Statehood Day (Bosnian: Dan državnosti, Дан државности) is a holiday celebrated in Bosnia and Herzegovina that occurs every year on 25 November. On that day in 1943, at the first session of the State Anti-fascist Council for the National Liberation of Bosnia and Herzegovina (ZAVNOBiH) in Mrkonjić Grad, the "Resolution of ZAVNOBiH" was adopted.

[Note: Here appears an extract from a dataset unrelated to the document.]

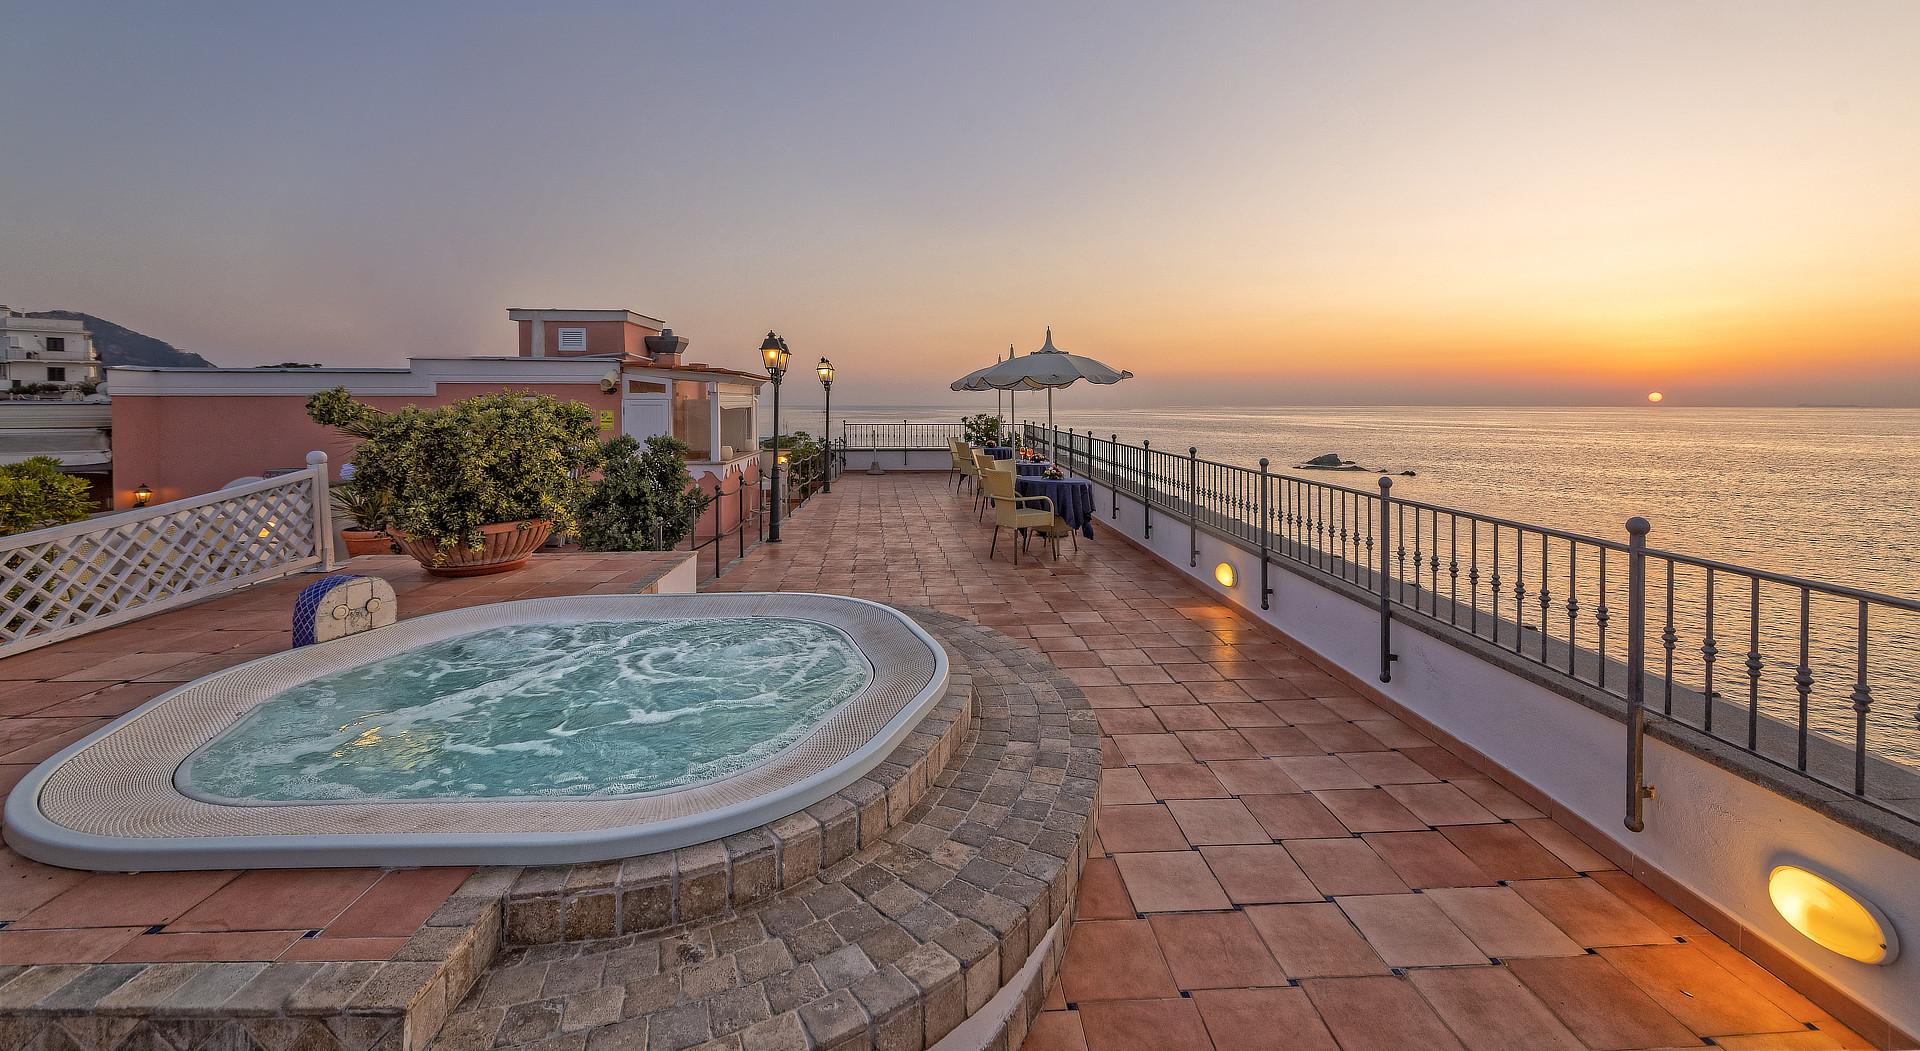 Hotel Nettuno Ischia

The resolution expressed the determination of the peoples of Bosnia and Herzegovina that their country shall be a brotherly community in which full equality of all its nationalities was to be ensured, that their republic was to be on equal footing with other republics in the Yugoslav federation, and that Bosnia and Herzegovina would reclaim its historical borders.

== History ==
The Law on the Proclamation of 25 November as the Statehood Day of the former Republic of Bosnia and Herzegovina (Official Gazette of R B&H, No. 9/95) stipulates that November 25 is Bosnia and Herzegovina's Statehood Day but this directive is, in practice, ignored by the authorities in the Republika Srpska entity.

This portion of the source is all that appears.